The mapping follows the sandbox in .claude/settings.json:

Claude Code setting OpenCode mapping
filesystem.allowRead permission.external_directory allow rules for ~/Repos, ~/.config,
~/.cache, ~/.local/runtime, ~/.local/share, ~/.npm, /opt/homebrew,
and /tmp.
filesystem.allowWrite permission.edit prompts for repo/tool cache writes and allows scratch or
agent-worktree writes.
filesystem.denyRead permission.read, permission.list, permission.glob, permission.edit,
and permission.external_directory deny ~/.aws, ~/.config/gcloud,
~/.ssh, ~/.gnupg, and dotenv files.
Claude permissions.allow Bash permission.bash pre-approves the same inspection, Homebrew, Git, and
allowlist commit-script chmod patterns, then adds final deny patterns for credential
and dotenv paths.
Claude WebSearch allow permission.websearch = "allow"; webfetch still prompts.

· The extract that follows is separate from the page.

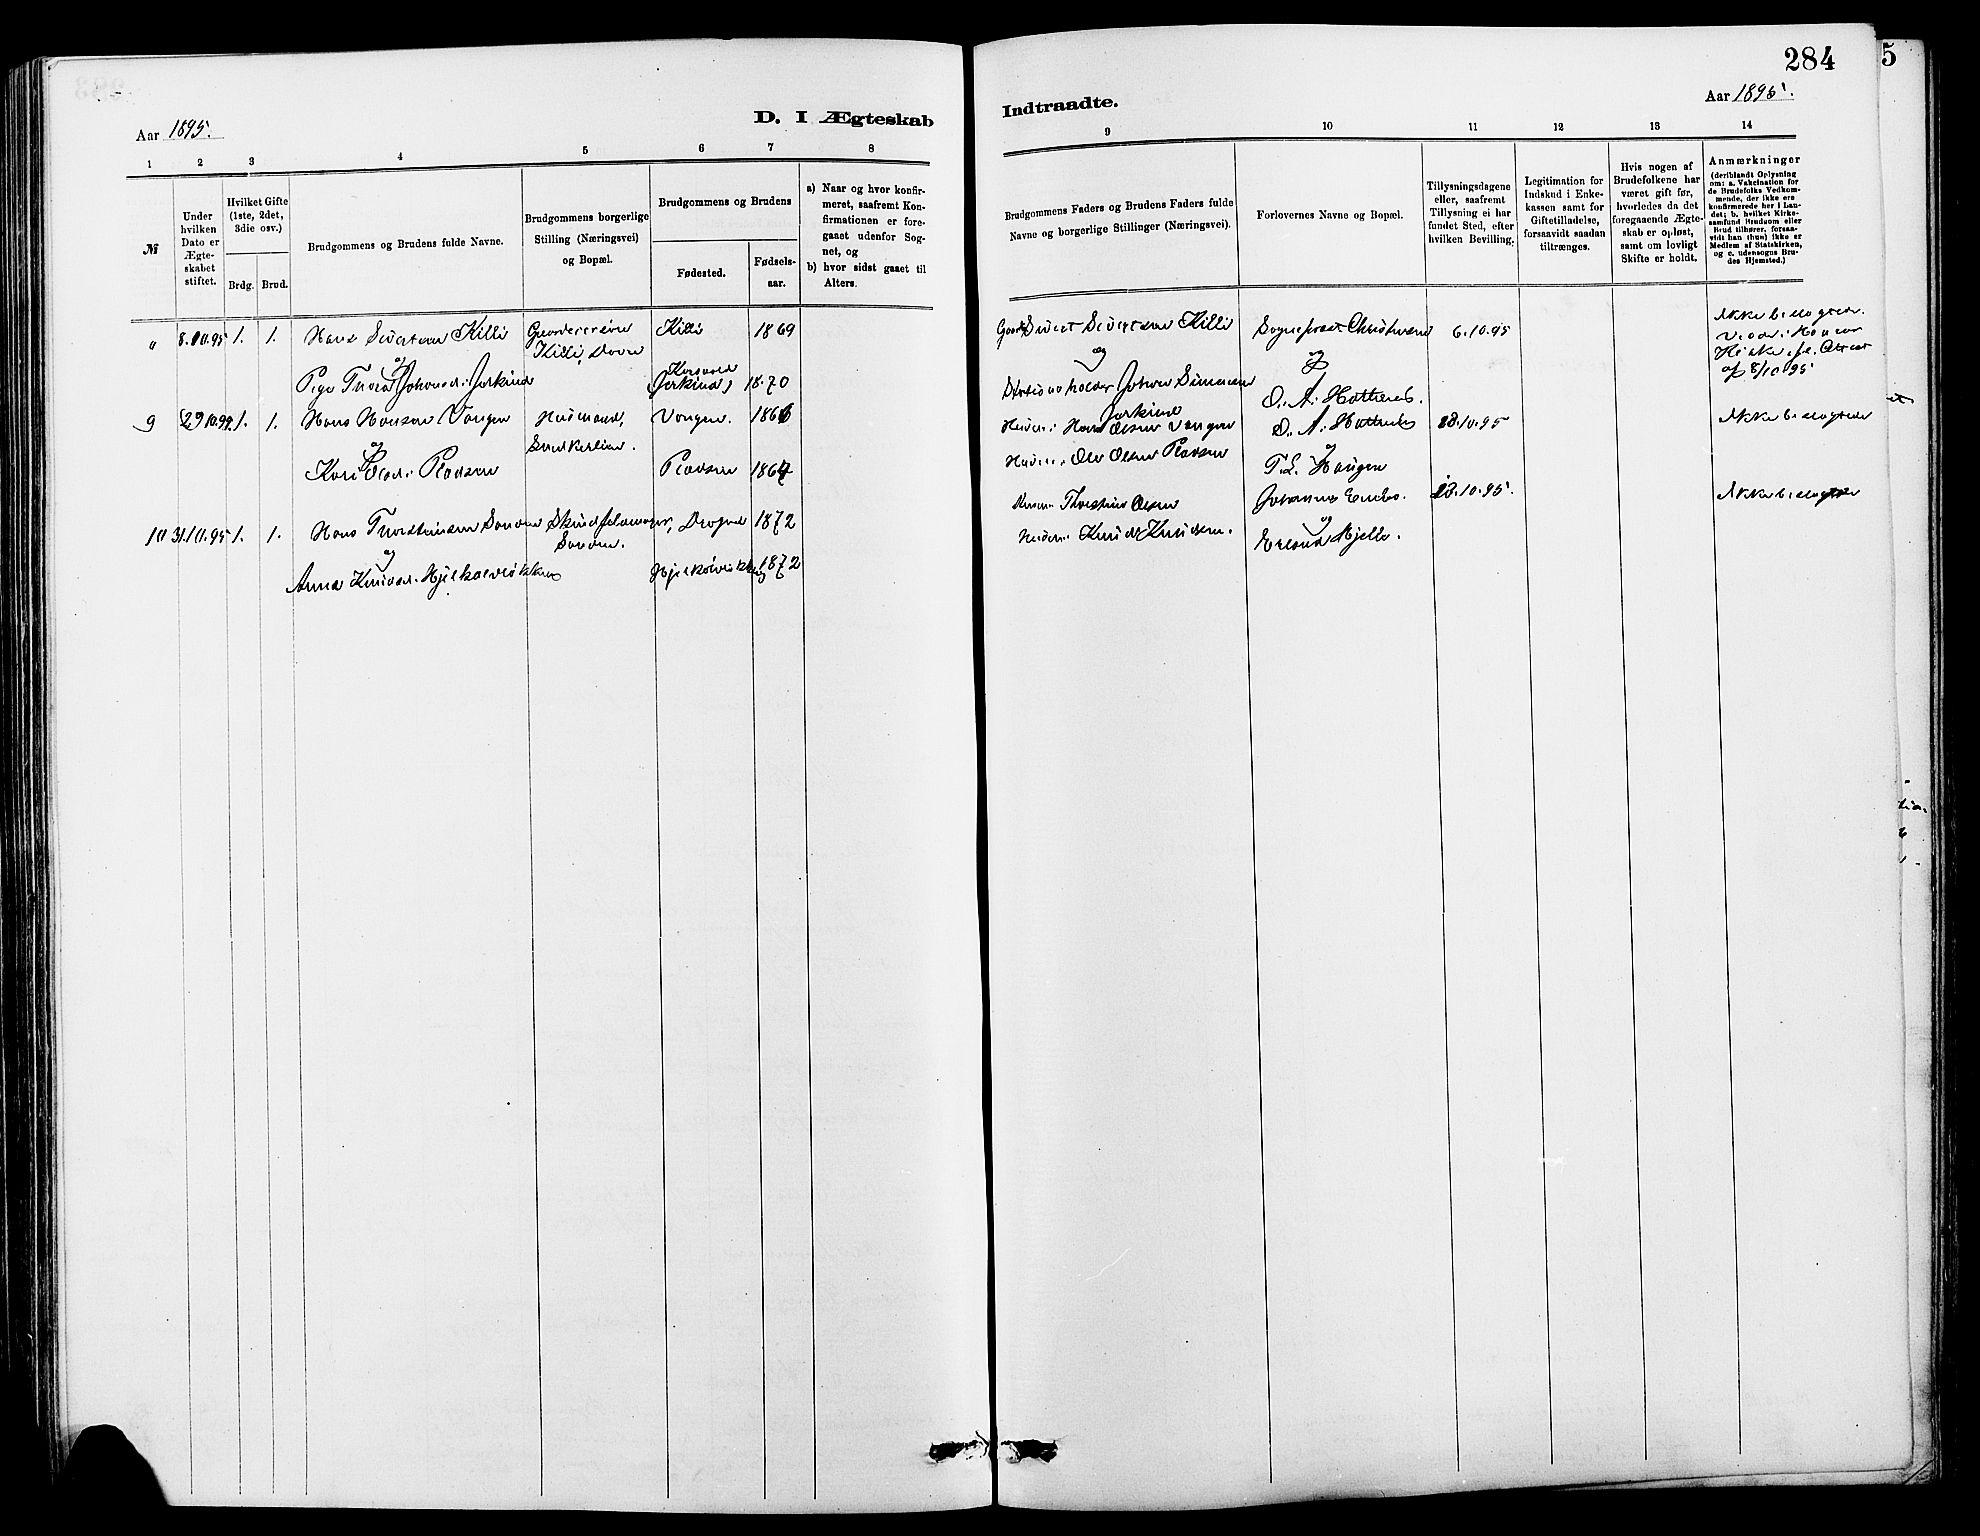 SAH, Dovre prestekontor, Klokkerbok nr. 2, 1881-1907, s. 284

Ordering and the catch-all

OpenCode permission objects use last-match-wins ordering, so the config keeps broad rules first and narrower allow/deny rules later — the credential and dotenv denies sit at the end of each block so nothing earlier can re-open them. The top-level "*": "ask" flips OpenCode's permissive default: any tool or command that isn't explicitly mapped requires approval.

grep is allowed for routine searches even though OpenCode matches grep permissions against the searched regex, not the target path. The path boundaries therefore stay on read, list, glob, edit, and external_directory, which do match against paths.

Limits

This is a permission-layer approximation, not the kernel-enforced boundary Claude Code runs. Claude's network.allowedDomains, allowMachLookup, allowUnixSockets, and allowUnsandboxedCommands fields have no OpenCode config equivalent today. Network-capable Bash commands are therefore controlled by the permission.bash allowlist and approval prompts rather than by domain-level egress rules.

See opencode.jsonc for the full rule set. After changing it, quit and restart OpenCode — config is loaded at startup.